═════ Information supplied ═════
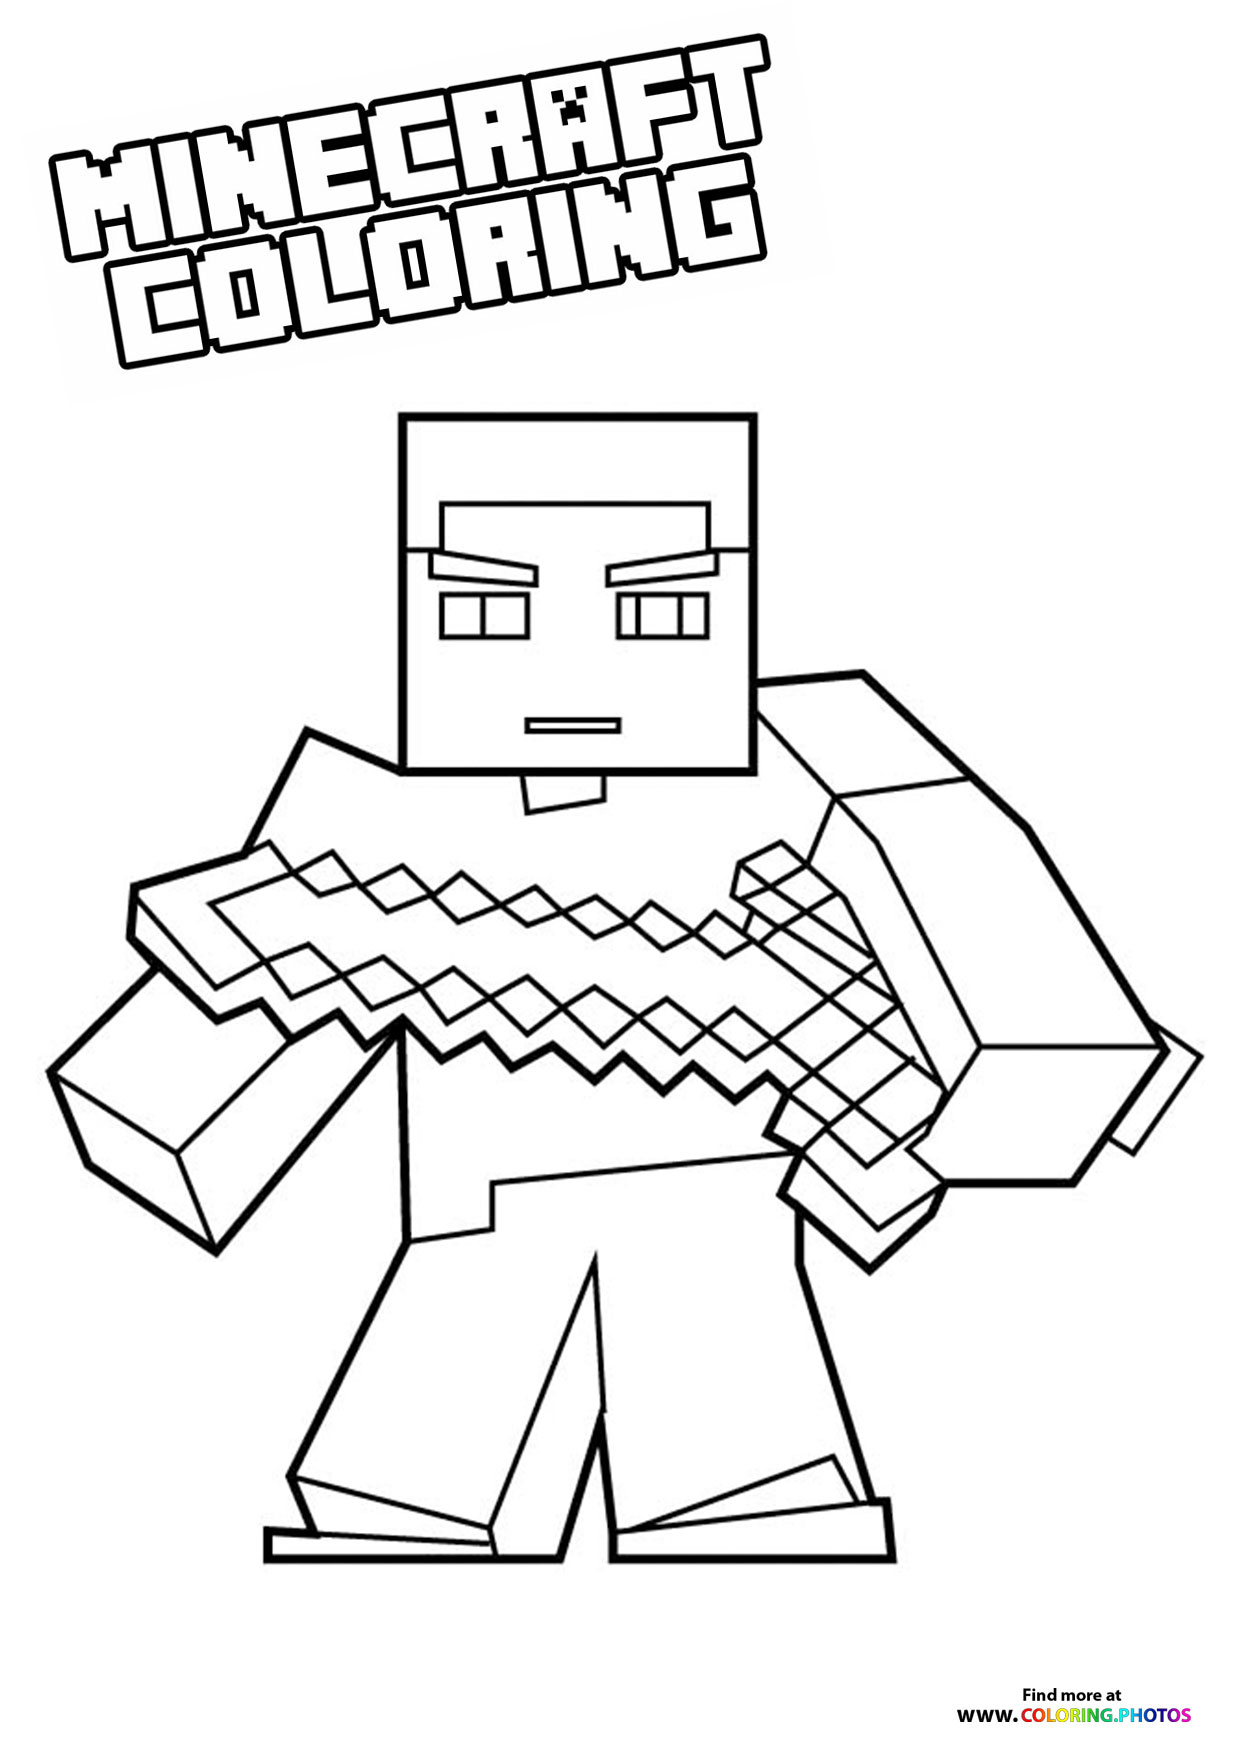 Minecraft Steve with a sword looking good Coloring Pages for kids
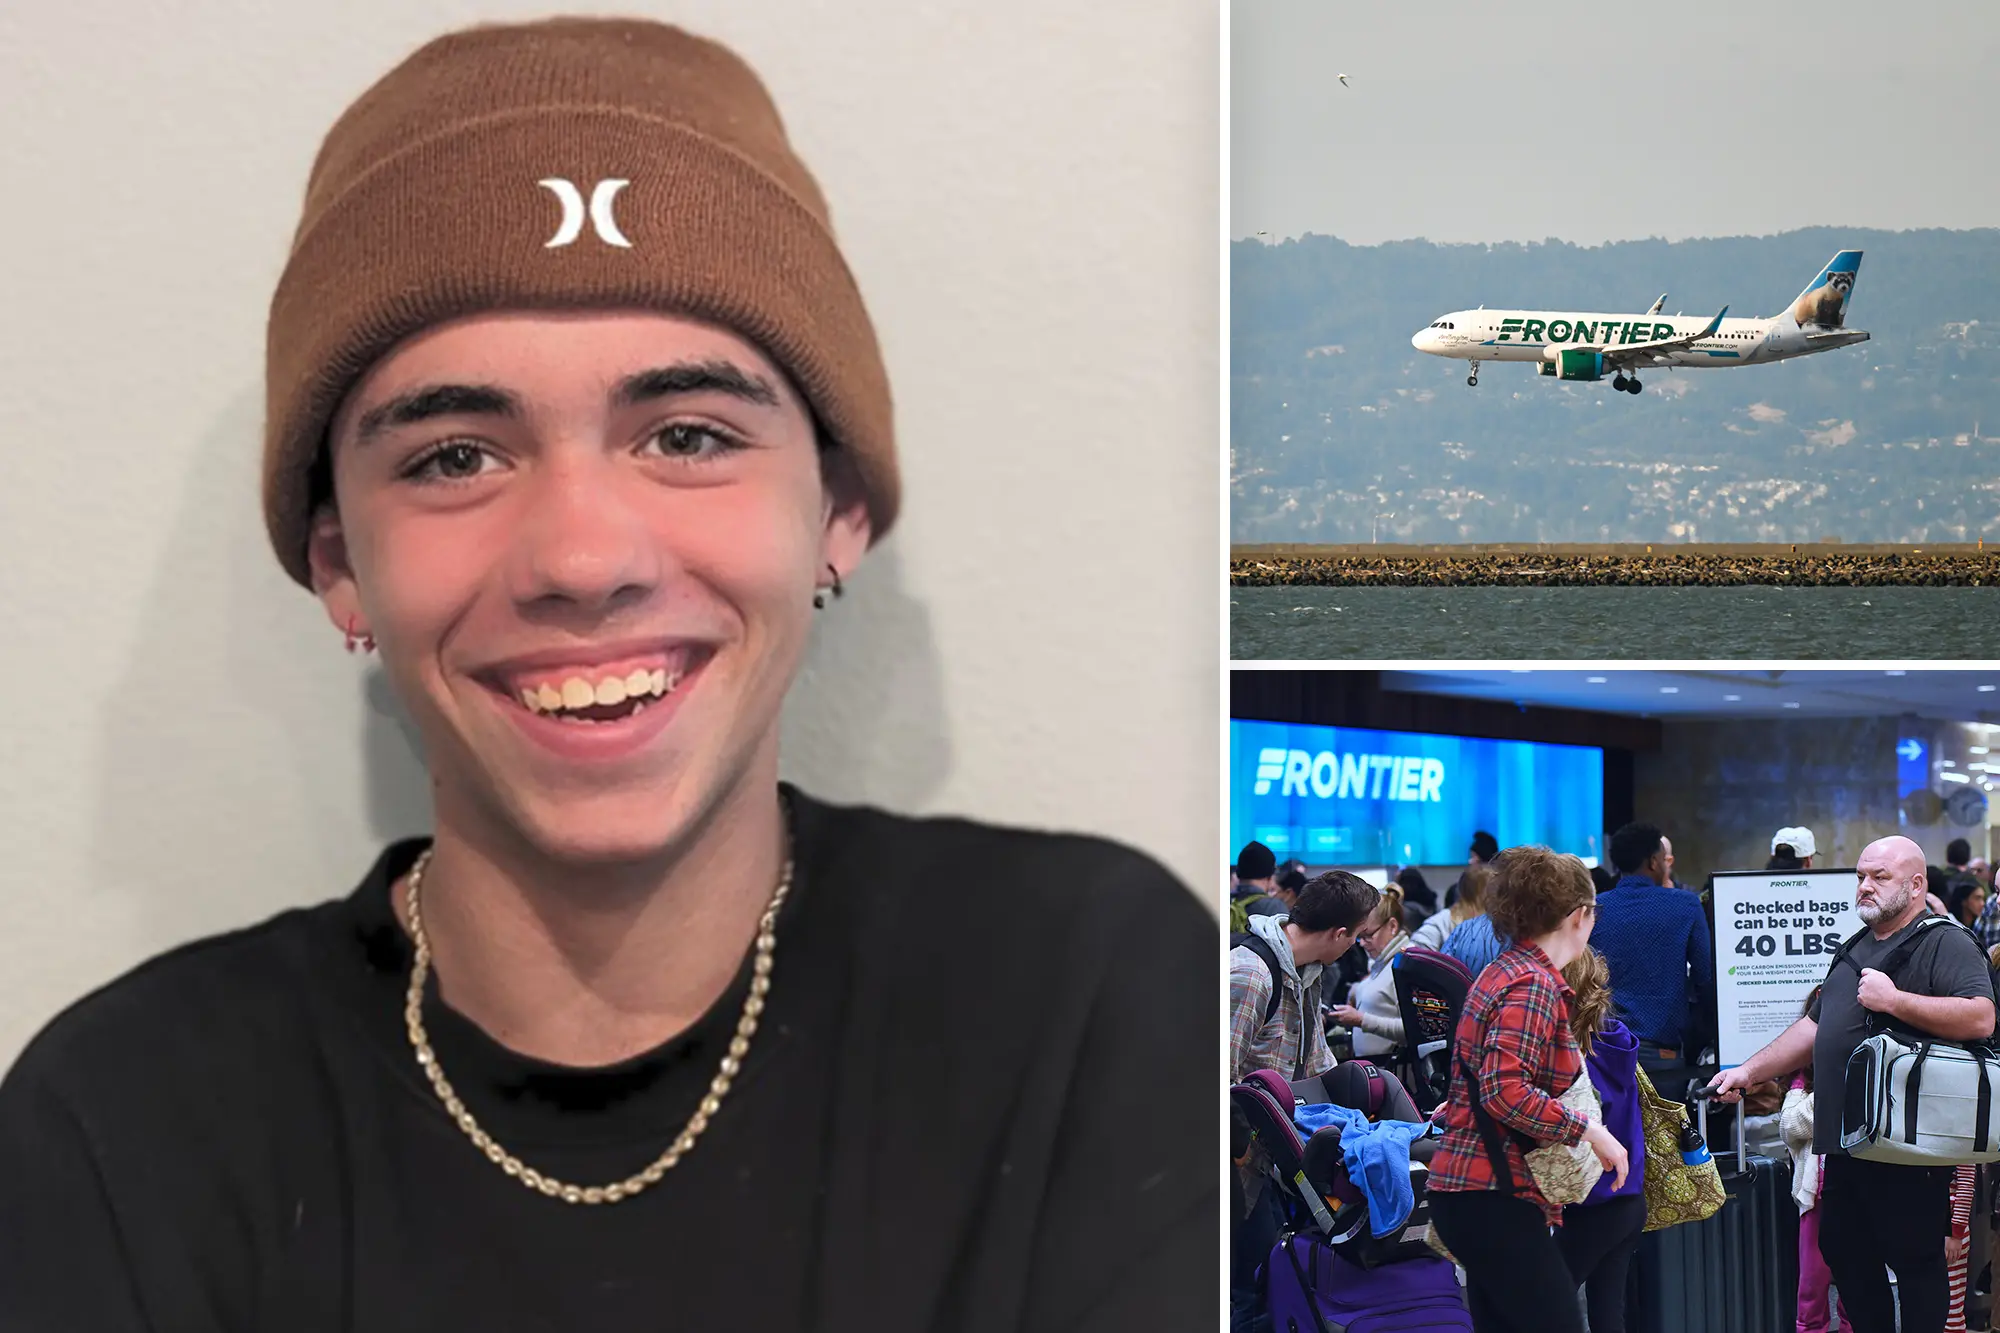 Florida teen on wrong flight ends up in Puerto Rico instead of Ohio
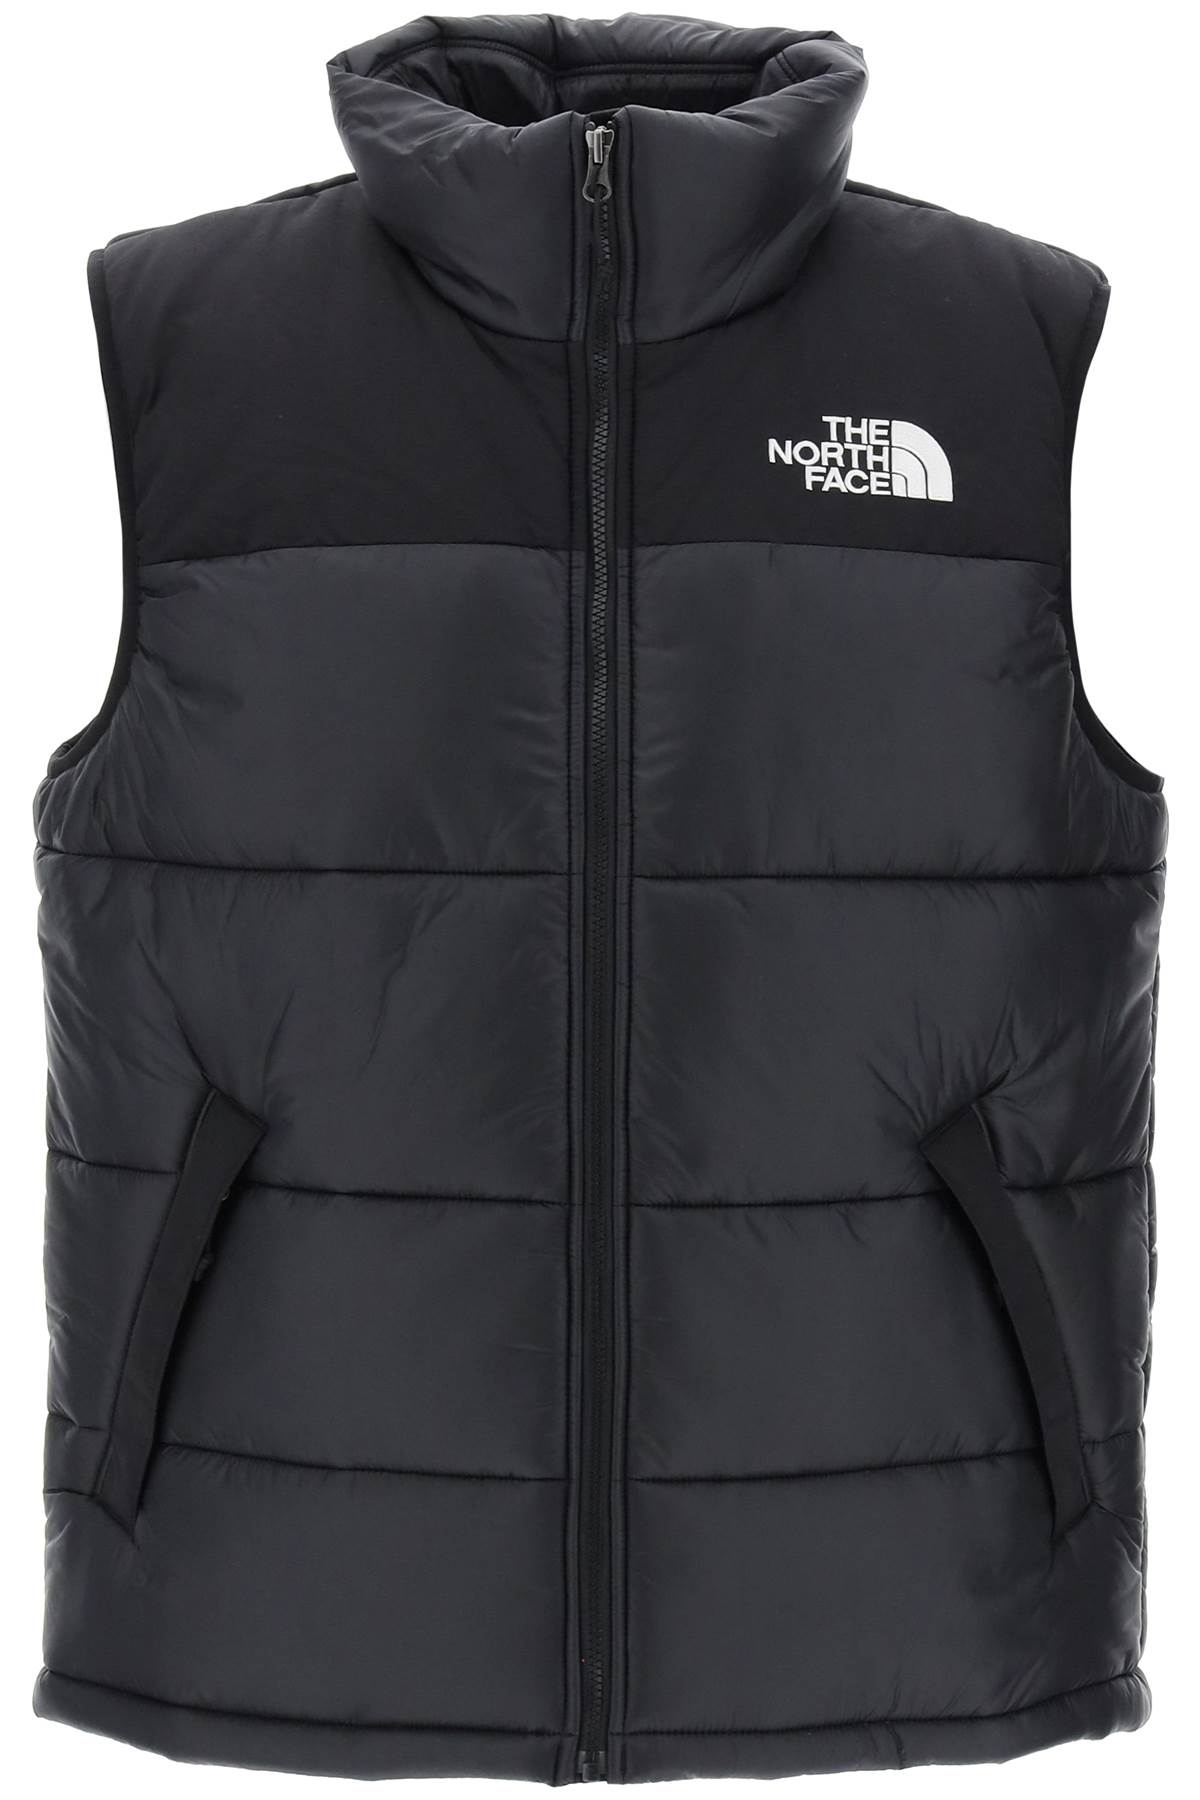 The north face himalayan padded vest-0
═════
▶ [Your objective]: With the pictures omitted, reproduce the data above exactly.

▶ [Task response]:
 Minecraft Steve with a sword looking good Coloring Pages for kids
 Florida teen on wrong flight ends up in Puerto Rico instead of Ohio
 The north face himalayan padded vest-0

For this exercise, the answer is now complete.